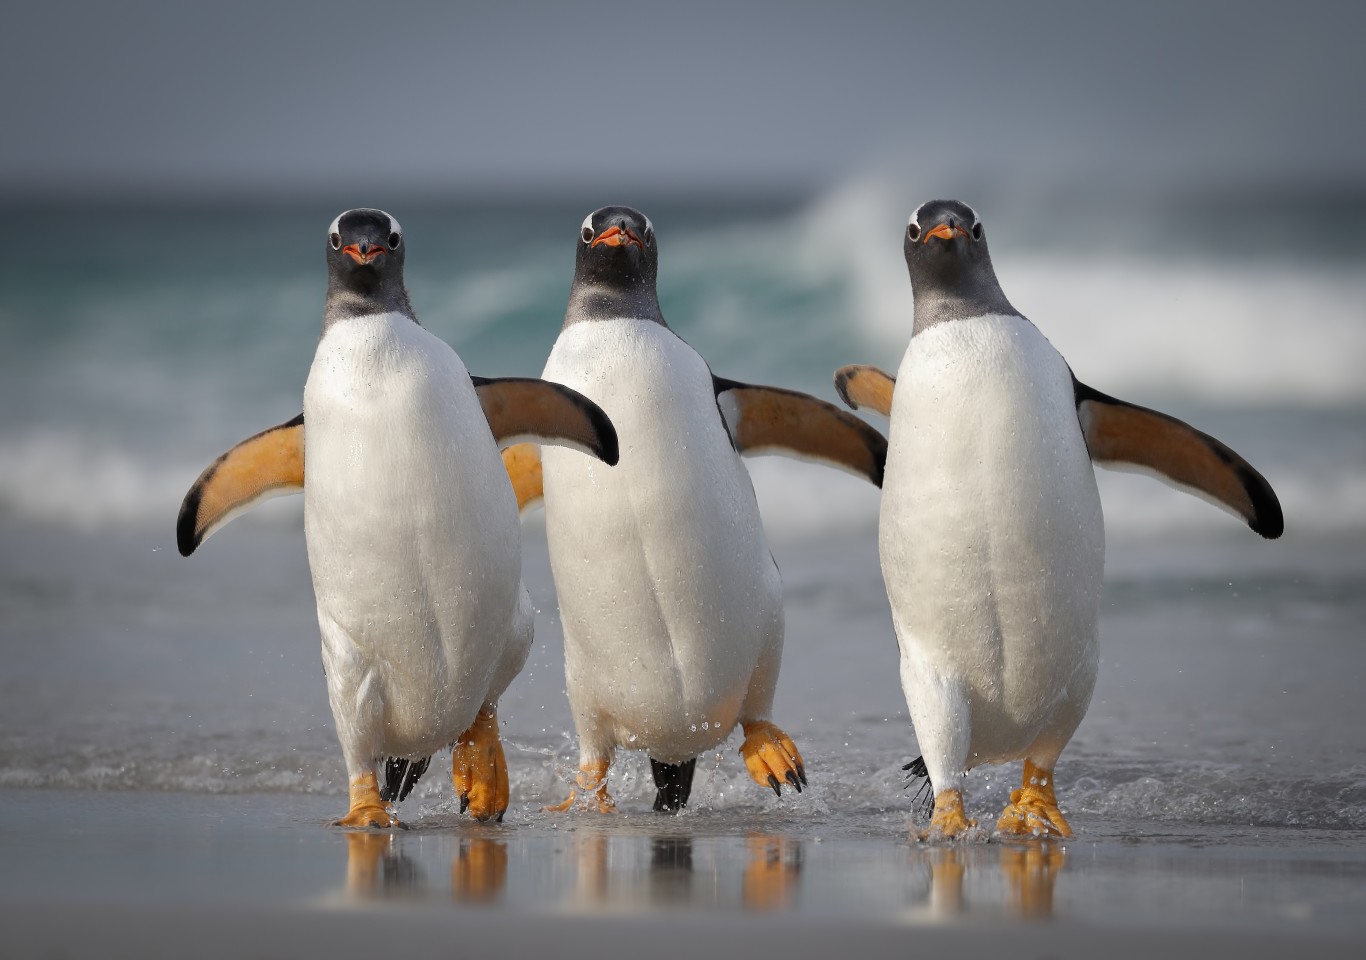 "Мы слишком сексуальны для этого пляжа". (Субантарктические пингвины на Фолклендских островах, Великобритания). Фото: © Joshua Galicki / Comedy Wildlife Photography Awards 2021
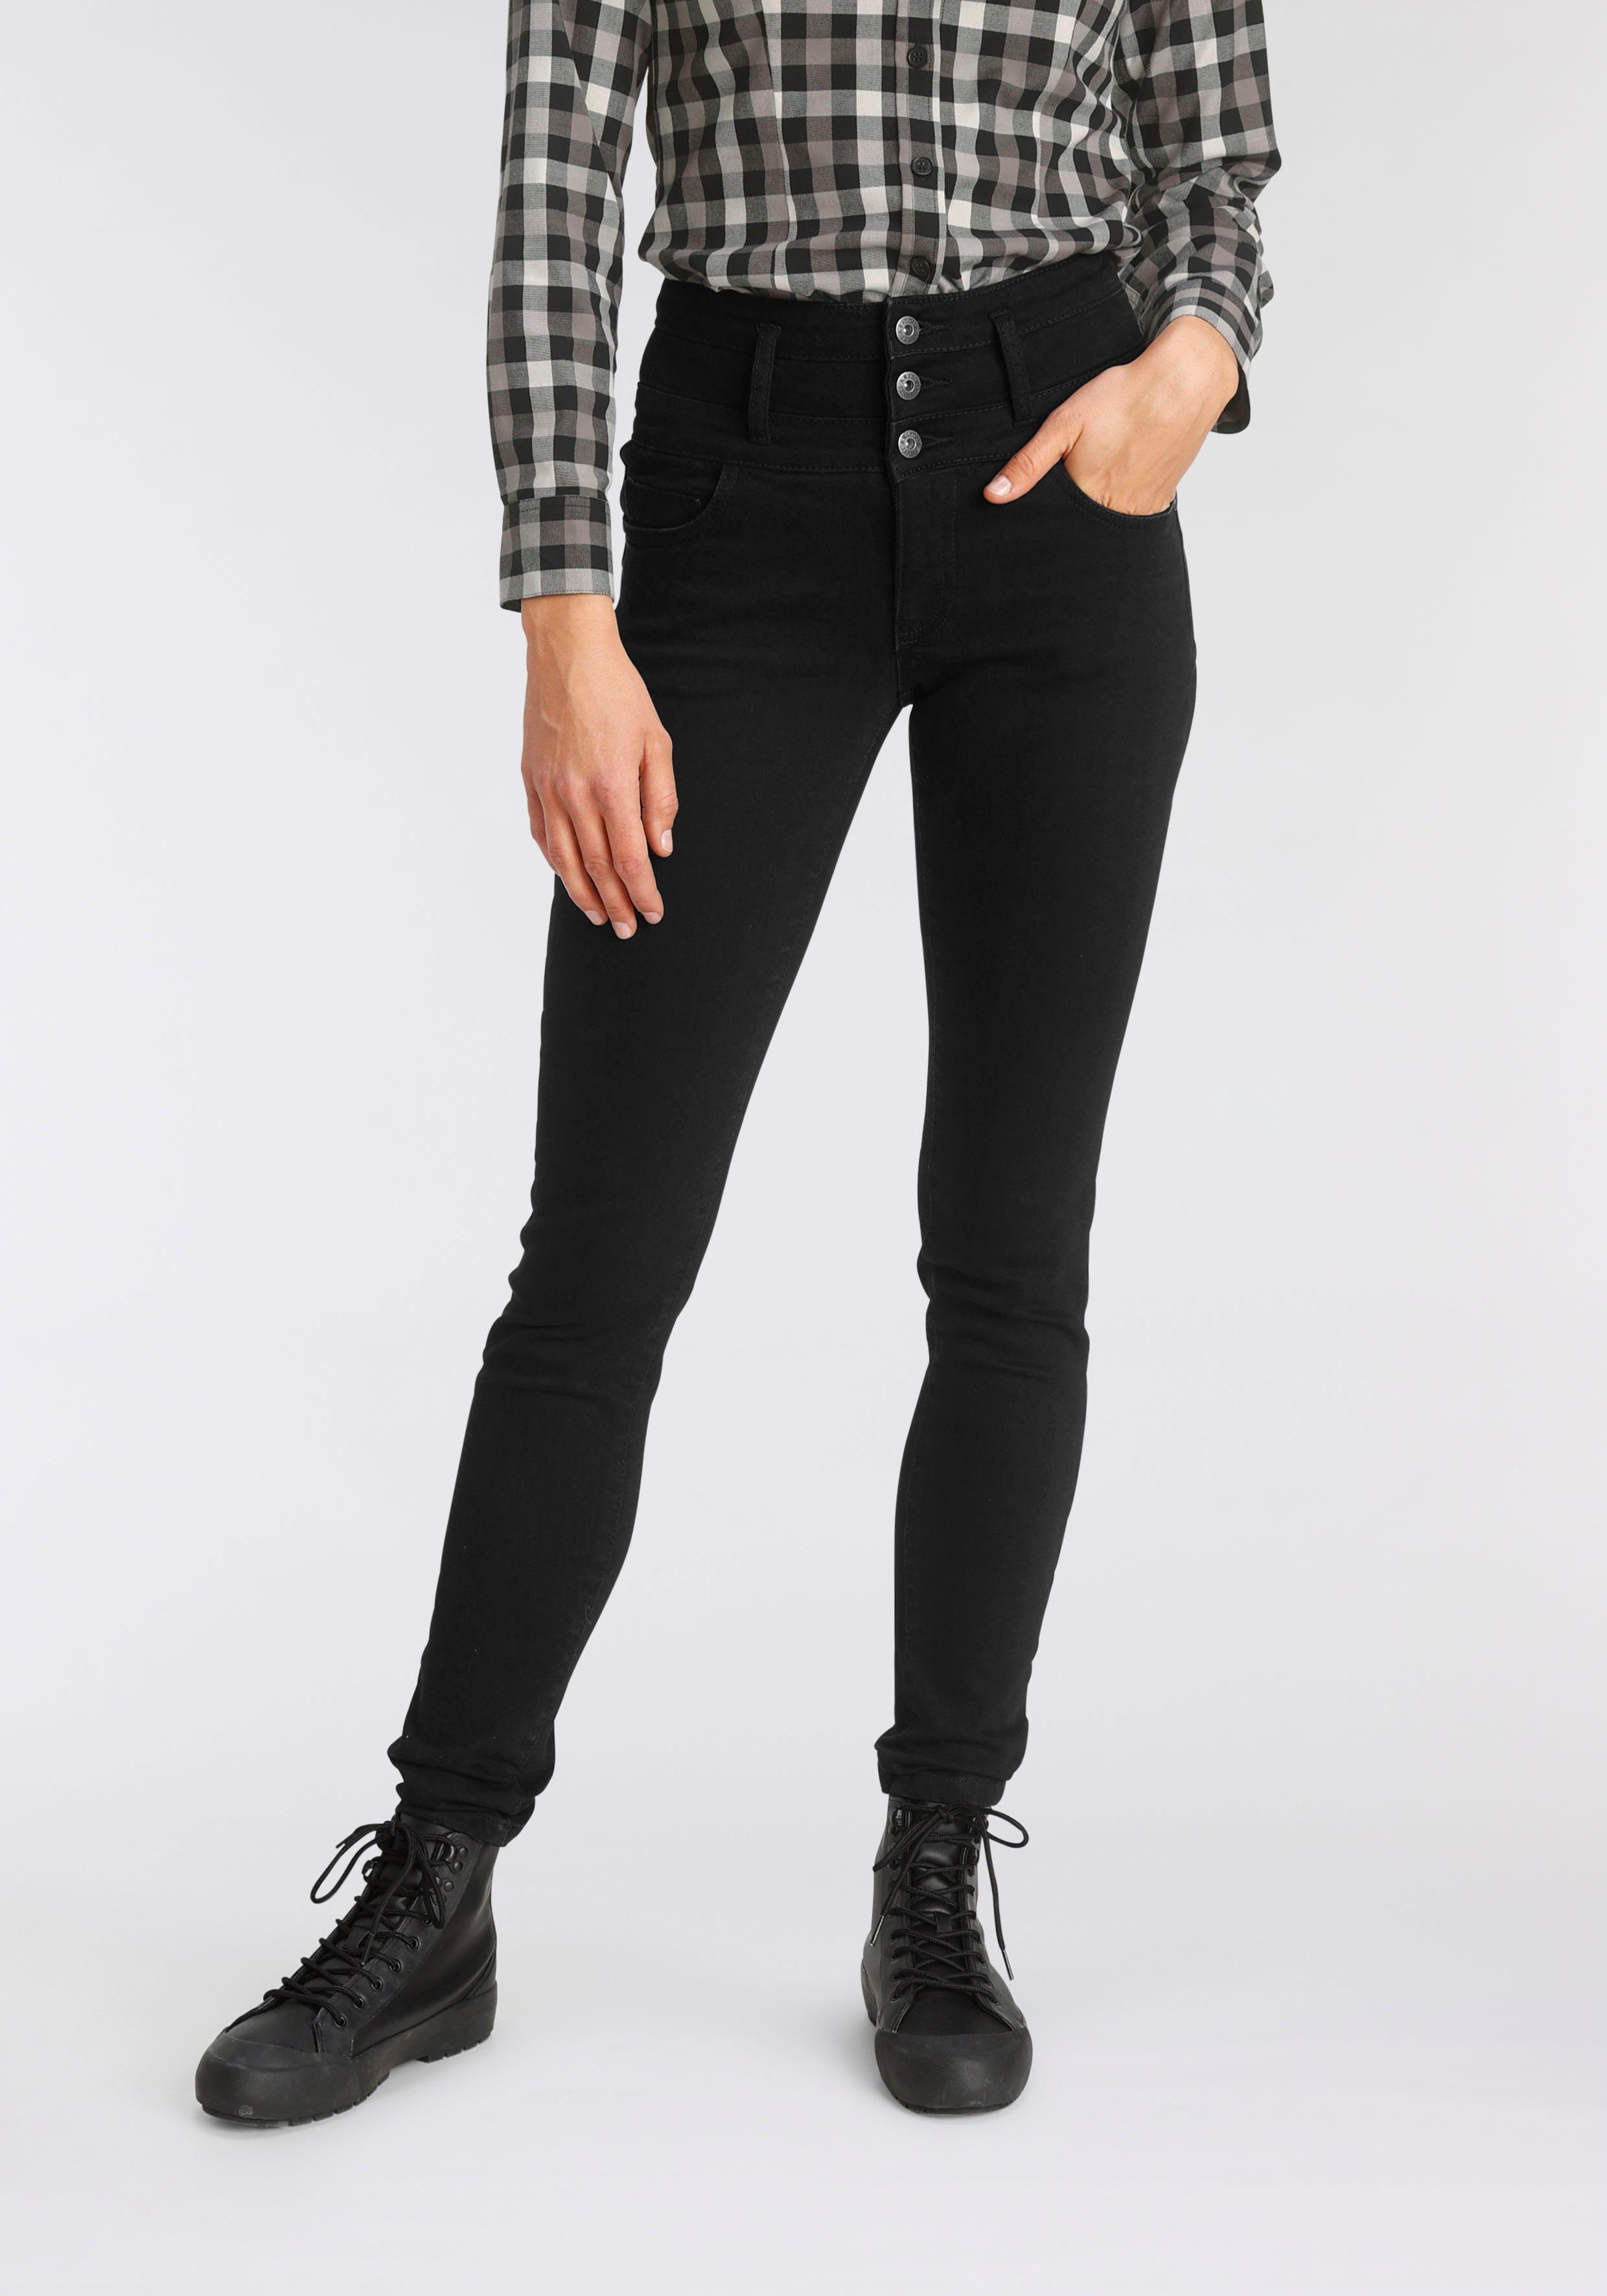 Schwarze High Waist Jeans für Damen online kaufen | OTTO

● ● ● ●

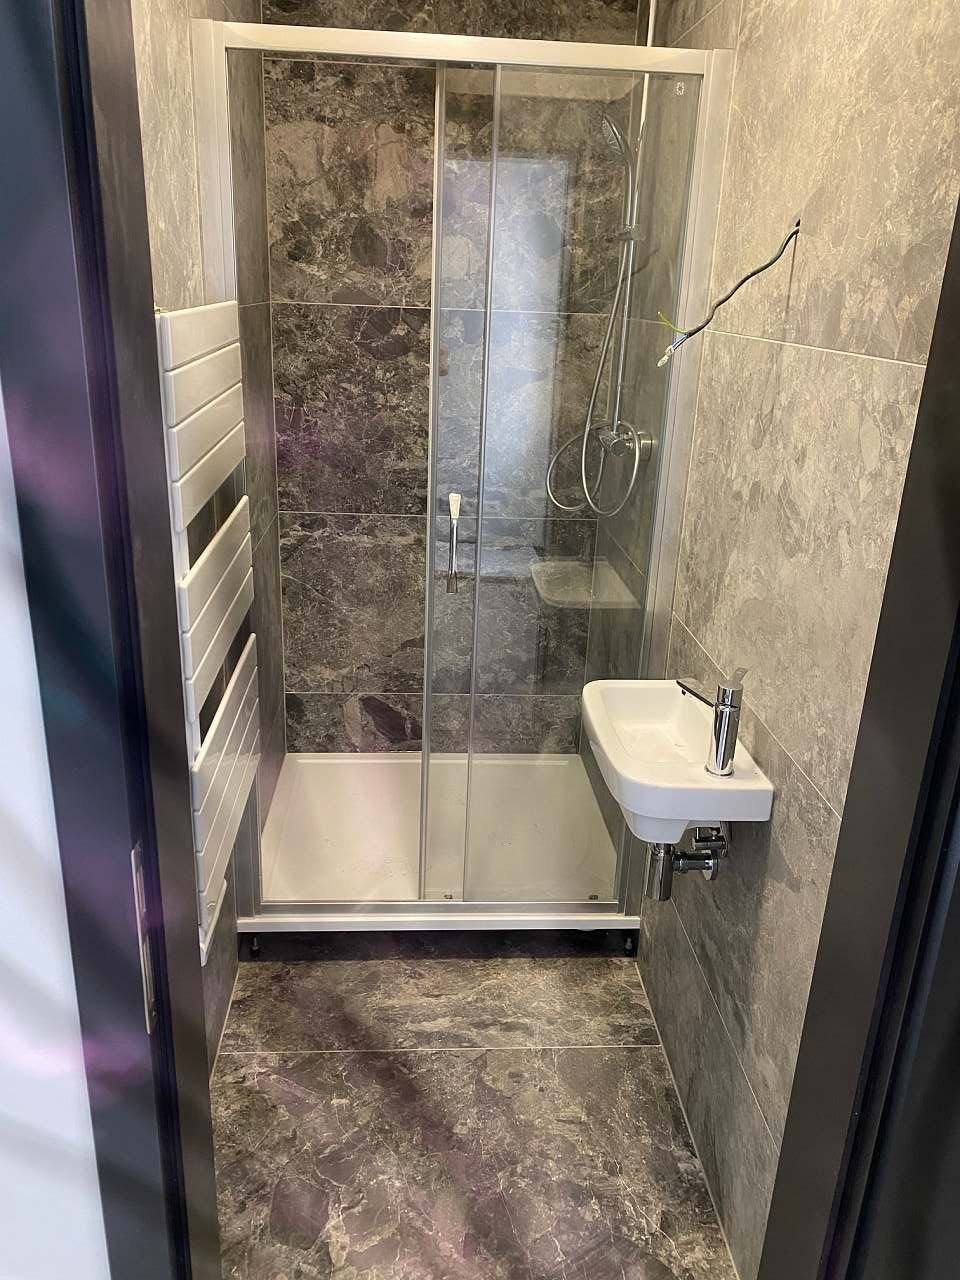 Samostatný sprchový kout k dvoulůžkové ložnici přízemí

● ● ● ●

Taking the records above, print only and exactly the lines from the line with "Photography Awards 2021" to the line with "Schwarze High Waist", both kept, and exclude pictures.

** WRITTEN RESPONSE **
 "Мы слишком сексуальны для этого пляжа". (Субантарктические пингвины на Фолклендских островах, Великобритания). Фото: © Joshua Galicki / Comedy Wildlife Photography Awards 2021
 Schwarze High Waist Jeans für Damen online kaufen | OTTO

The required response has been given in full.